ARIMA(2,1,2) is selected as the final model based on lower AIC, significant coefficients, and acceptable residual diagnostics.

4.5 Forecasting

bitcoin_fit <- Arima(btc_ts,c(0,1,1))
forecasted_data <- forecast(bitcoin_fit,h=12)
kable(forecasted_data, digits = 2, formats="html", row.names = TRUE) %>%
  kable_styling(full_width = F, font_size = 12, position = "center")

	Point Forecast	Lo 80	Hi 80	Lo 95	Hi 95
Dec 2023	38014.11	32449.57	43578.66	29503.88	46524.35
Jan 2024	38014.11	29059.48	46968.75	24319.18	51709.05
Feb 2024	38014.11	26638.40	49389.83	20616.46	55411.76
Mar 2024	38014.11	24648.93	51379.30	17573.83	58454.40
Apr 2024	38014.11	22919.43	53108.80	14928.79	61099.44
May 2024	38014.11	21368.67	54659.56	12557.10	63471.13
Jun 2024	38014.11	19950.55	56077.68	10388.28	65639.95
Jul 2024	38014.11	18635.94	57392.29	8377.76	67650.47
Aug 2024	38014.11	17405.02	58623.21	6495.22	69533.01
Sep 2024	38014.11	16243.58	59784.65	4718.95	71309.28
Oct 2024	38014.11	15141.04	60887.19	3032.76	72995.47
Nov 2024	38014.11	14089.25	61938.98	1424.20	74604.03

12-Month Forecast:

Forecasted values show a point forecast along with confidence intervals (80% and 95%). The plot of the forecasted values provides a visual representation of the expected Bitcoin price trends.

4.6 Conclusion

a. Performance Comparison:

Linear Regression:

Pros: Simple to implement and interpret.

Cons: Limited by linearity assumption, residuals show non-normality and autocorrelation.

Quadratic Regression:

Pros: Can model slight curvature in the trend.

Cons: The quadratic term was not significant, similar performance to linear regression.

ARIMA:

Pros: Captures both trend and seasonality, well-suited for time series data.

Cons: More complex to implement and interpret, requires careful model identification and validation.

b.
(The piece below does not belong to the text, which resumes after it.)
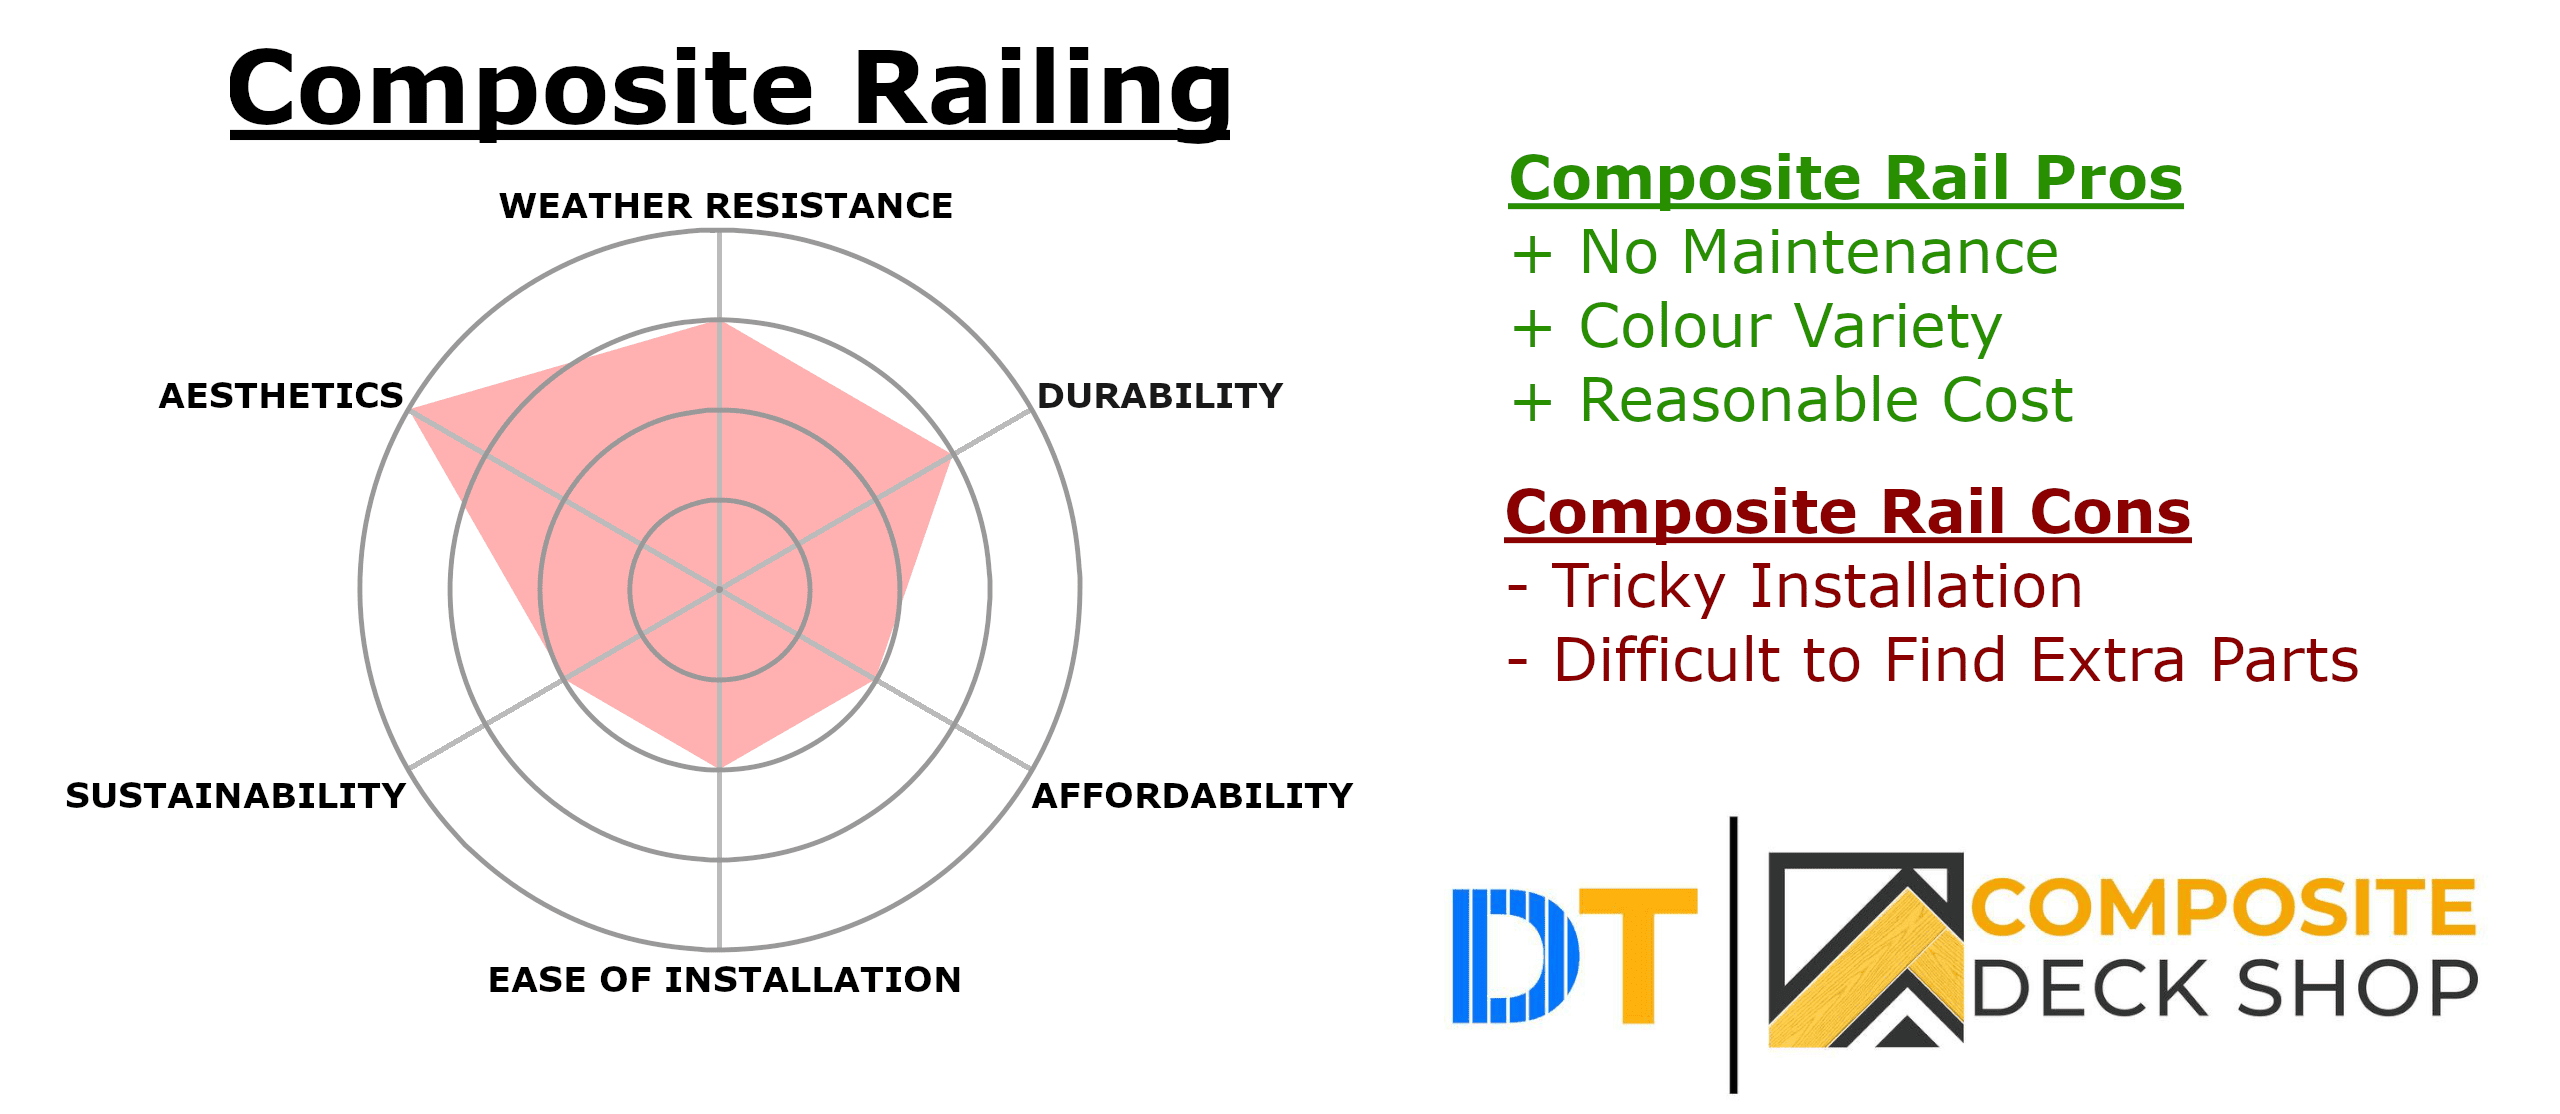 Composite Railing

Final Model Selection:

The ARIMA(2,1,2) model was chosen as the final model due to its lower AIC value, significant coefficients, and better residual diagnostics compared to the other models. It provided the most accurate forecasts and effectively captured the underlying trends and seasonality in the Bitcoin price data.

c. Final Remarks

The ARIMA(2,1,2) model is appropriate for forecasting Bitcoin prices as it accounts for trends and autocorrelation in the data. The forecasting results provide valuable insights for the next 12 months, helping in making informed decisions based on the expected price movements.

Based on the analysis, the ARIMA(2,1,2) model was selected as the best model due to its lower AIC and BIC values and significant coefficients, better performance in the accuracy test. The residual analysis and Shapiro-Wilk test further confirmed the suitability of this model. Therefore, we will use this model for forecasting future Bitcoin prices.